Я никогда не закрываю глаза. Идиотская привычка — такая есть у каждого. Кто-то не берёт за руку, кто-то не говорит «люблю». Кто-то не делает совместных фото, не позволяет платить, не знакомит с друзьями, не целует в губы. Кто-то, как Стейси, не заводит бойфрендов. Маленькие барьеры, картонные стены, призванные спасти от разочарования. Жалкие принципы, чтобы не подпустить ближе, не дать забраться под кожу; условия гордости, черта между зависимостью и не-. Мы так отчаянно боимся показаться слабыми. Оказаться слабее. Бумажные щит и меч, склеенная наспех корона, конь из папье-маше. Мы так и не выросли.
Один порыв ветра — и мы, лицом в пыли. Рано или поздно.

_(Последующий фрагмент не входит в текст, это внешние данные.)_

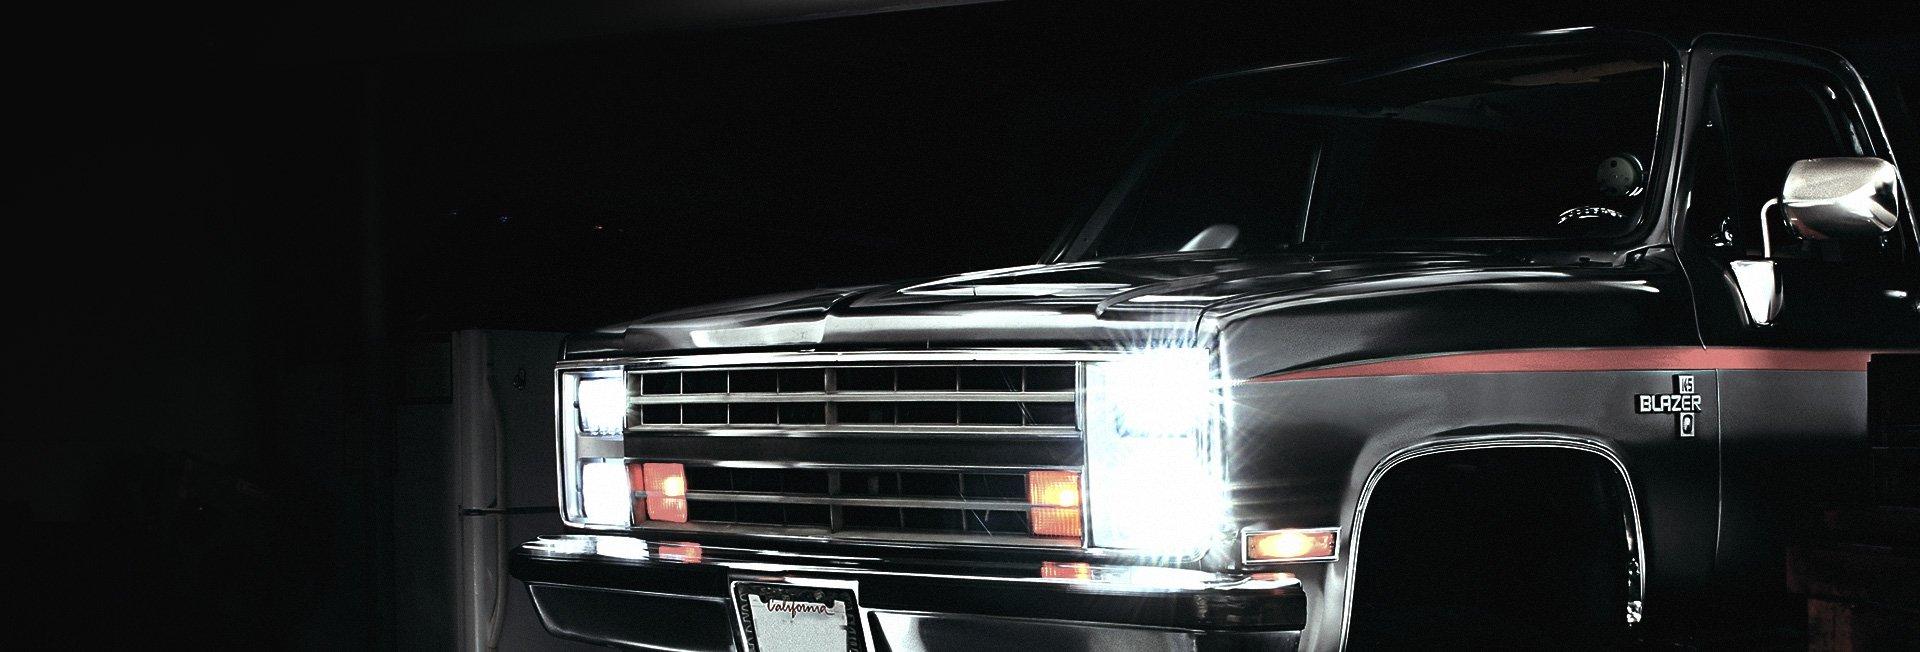 Cars & SUVs

Сейчас или после.
Один поцелуй.
Поцелуй может быть настырным или нежным — или привычным, но желанным, как сейчас. Кончик языка обводит нижнюю губу, и эта остановка — вызов, чтобы оказаться ближе. Я знаю Грега и знаю, что, отвоевав инициативу, сразу поддамся снова, потому что выиграть в этой игре невозможно. Его чувства не знают меры.
Он прав, считая, что я боюсь обнажать свои слабости. Что я боюсь быть человеком. Это мой чёртов недостаток, и мне страшно от мысли, во что я превращусь, что со мной станет, если я от него избавлюсь. Грег осудит меня. И уйдёт. И хуже — станет презирать.
Я под увеличительным стеклом, всю жизнь. И да — я знаю, что это болезнь, так что он прав, составляя мой профайл. Наверное, он думает, что может меня изменить, но всё гораздо глубже. Земля крутится вокруг Солнца, я — зациклен на собственных чёрных пятнах.
Нет, доктор, не в этот раз.
Я отстраняюсь, и он улыбается, немного разочарованно. Пальцы всё ещё сжимают край рубашки — как-то по-детски. Мне так тоскливо, что я готов сказать об этом вслух.
Я мог бы разрыдаться. Я и сам ребёнок.
В обойме не хватает патронов, я никогда, никогда не перестану считать. Во мне не хватает фрагментов — не моя вина. Я схватил себя слишком крепко, я думаю слишком много, и последствия — тоже мои. Я знаю, что выжигаю себя изнутри; я не настолько глуп, чтобы отрицать очевидные вещи. Единственная причина этой липкой тоски в том, что мне нравится тонуть.